In the meantime, please use from_zelig_model
, e.g.:
library(stargazer)
library(Zelig)
data(mid)
z.out1 <- zelig(conflict ~ major + contig + power + maxdem + mindem + years,
data = mid, model = "relogit", tau = 1042/303772)
from_zelig_model(z.out1) %>% stargazer()
@christophergandrud No, it actually doesn't work, because it returns the results from the relogit function, so you get the same old standard errors. See below.
model <-
zelig(
fun ~ col + fam_sim + desc_sim + age_reused + size_reused + indegree_reused + activity_reused,
data = sample,
tau = itr$tau,
model = "relogit",
case.control = "weighting",
bias.correct = T,
cite = F
)
Let's summarize:
> summary(model)
Model:
Call:
relogit(formula = cbind(fun, 1 - fun) ~ col + fam_sim + desc_sim +
age_reused + size_reused + indegree_reused + activity_reused,
data = as.data.frame(.), tau = 9.16999274066485e-05, bias.correct = TRUE,
case.control = "weighting")
Deviance Residuals:
Min 1Q Median 3Q Max
-1.17312 -0.00791 -0.00635 -0.00570 0.81701
Coefficients:
Estimate Std. Error (robust) z value Pr(>|z|)
(Intercept) -10.59231 0.03964 -267.243 < 2e-16 ***
colTRUE 2.41716 0.18265 13.234 < 2e-16 ***
fam_simTRUE 0.11727 0.04957 2.366 0.017984 *
desc_sim 3.38383 0.18966 17.841 < 2e-16 ***
age_reused -0.14672 0.02141 -6.854 7.16e-12 ***
size_reused -0.08268 0.02185 -3.784 0.000154 ***
indegree_reused 1.13638 0.01675 67.825 < 2e-16 ***
activity_reused 0.14772 0.01431 10.320 < 2e-16 ***
---
Signif. codes: 0 ‘***’ 0.001 ‘**’ 0.01 ‘*’ 0.05 ‘.’ 0.1 ‘ ’ 1
(Dispersion parameter for binomial family taken to be 1)

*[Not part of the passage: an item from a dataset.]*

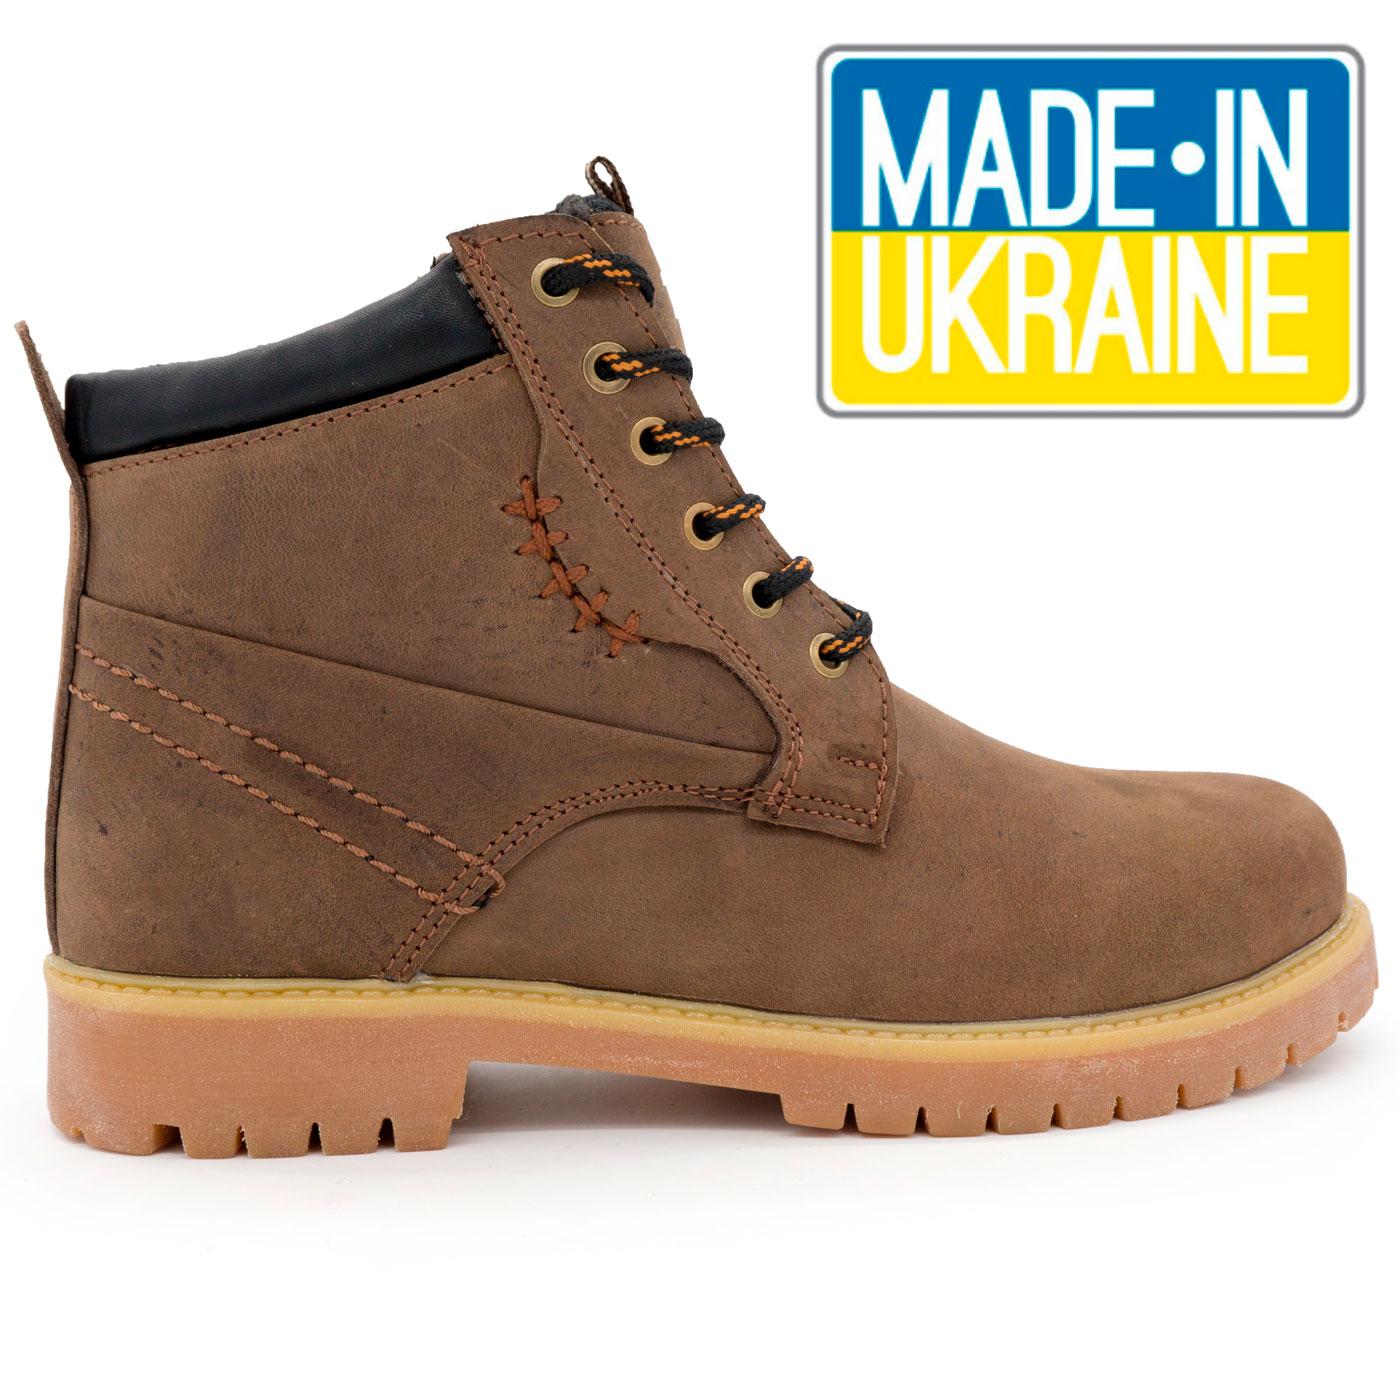 фото main Женские ботинки Реплика Timberland коричневые 101 (сделано в Украине) main

Null deviance: 1791.6 on 948704 degrees of freedom
Residual deviance: 1306.6 on 948697 degrees of freedom
AIC: 190.5
Number of Fisher Scoring iterations: 13
While:
> summary(from_zelig_model(model))
Call:
relogit(formula = cbind(fun, 1 - fun) ~ col + fam_sim + desc_sim +
age_reused + size_reused + indegree_reused + activity_reused,
data = as.data.frame(.), tau = 9.16999274066485e-05, bias.correct = TRUE,
case.control = "weighting")
Deviance Residuals:
Min 1Q Median 3Q Max
-1.17312 -0.00791 -0.00635 -0.00570 0.81701
Coefficients:
Estimate Std. Error z value Pr(>|z|)
(Intercept) -10.59231 0.21980 -48.190 < 2e-16 ***
colTRUE 2.41716 0.40564 5.959 2.54e-09 ***
fam_simTRUE 0.11727 0.22208 0.528 0.5975
desc_sim 3.38383 0.74293 4.555 5.25e-06 ***
age_reused -0.14672 0.08579 -1.710 0.0872 .

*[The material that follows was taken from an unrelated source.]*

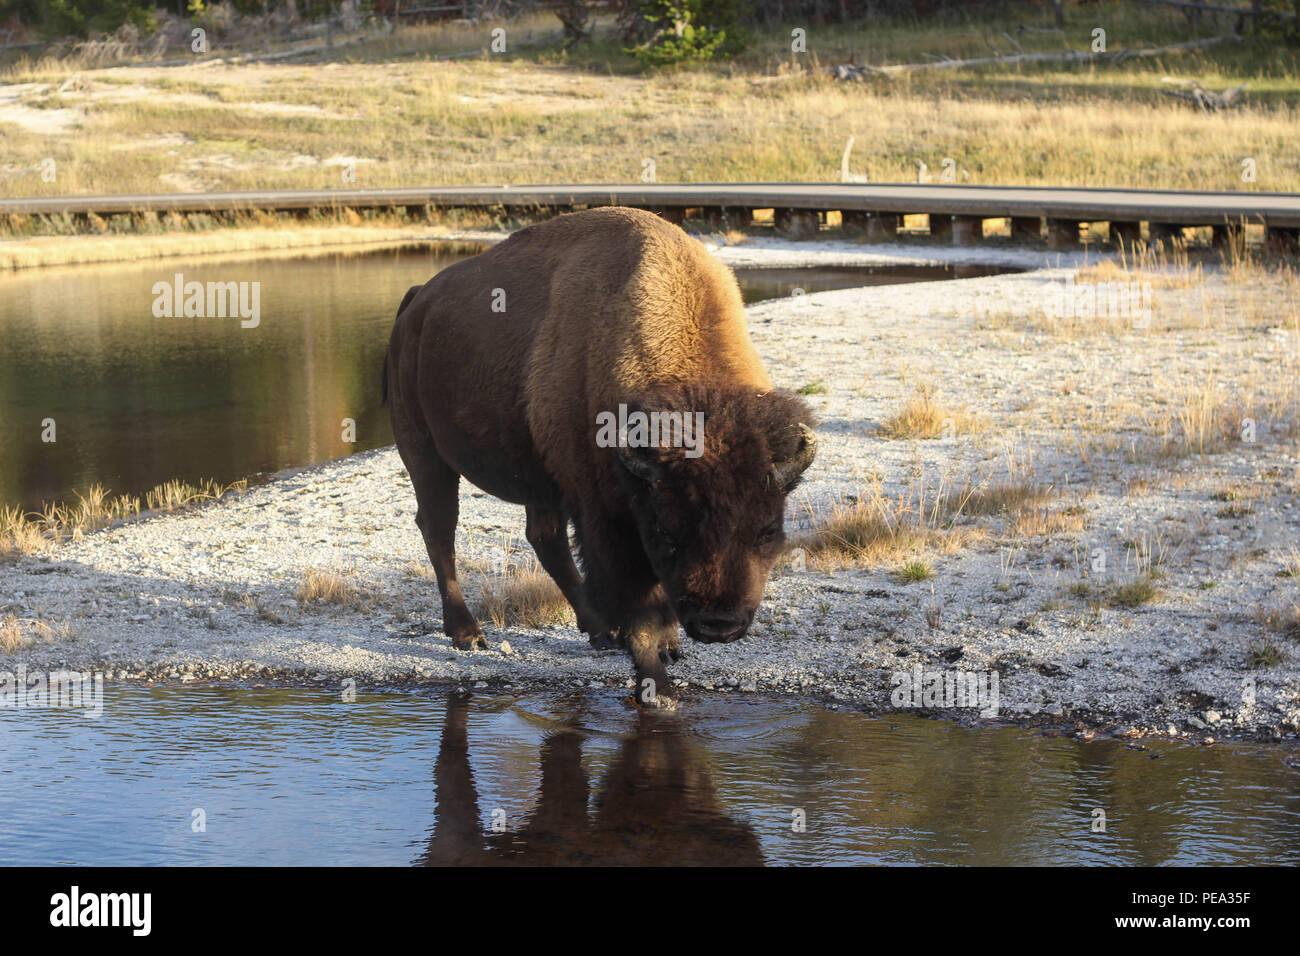 Tierwelt Natur Outdoor Fotografie enorme Single Bison Buffalo Bull Ungulate Säugetier gehen mit Reflexion im Wasser Yellowstone National Park USA Stockbild

size_reused -0.08268 0.08930 -0.926 0.3545
indegree_reused 1.13638 0.07614 14.925 < 2e-16 ***
activity_reused 0.14772 0.06719 2.199 0.0279 *
---
Signif. codes: 0 ‘***’ 0.001 ‘**’ 0.01 ‘*’ 0.05 ‘.’ 0.1 ‘ ’ 1
(Dispersion parameter for binomial family taken to be 1)
Null deviance: 1791.6 on 948704 degrees of freedom
Residual deviance: 1306.6 on 948697 degrees of freedom
AIC: 190.5
Number of Fisher Scoring iterations: 13
Yes, you don't get the odds ratios, that doesn't work yet. You have to manually add them to the output of from_zelig_model(z.out1)
.
@christophergandrud The problem is not the odds ratios. Compare the two results above. What is missing is the robust standard errors. I am actually using the from_zelig_model
function for the second one.
Yes none of it is working. I won't have time to get to this for awhile, so in the meantime if you want to use this function with a separate package you would have to extract the basic estimation and hack your way to the rest. Sorry, I should have been clearer :)
@christophergandrud That's why I am doing right now.
Sorry for the inconvenience and thanks for reporting these issues!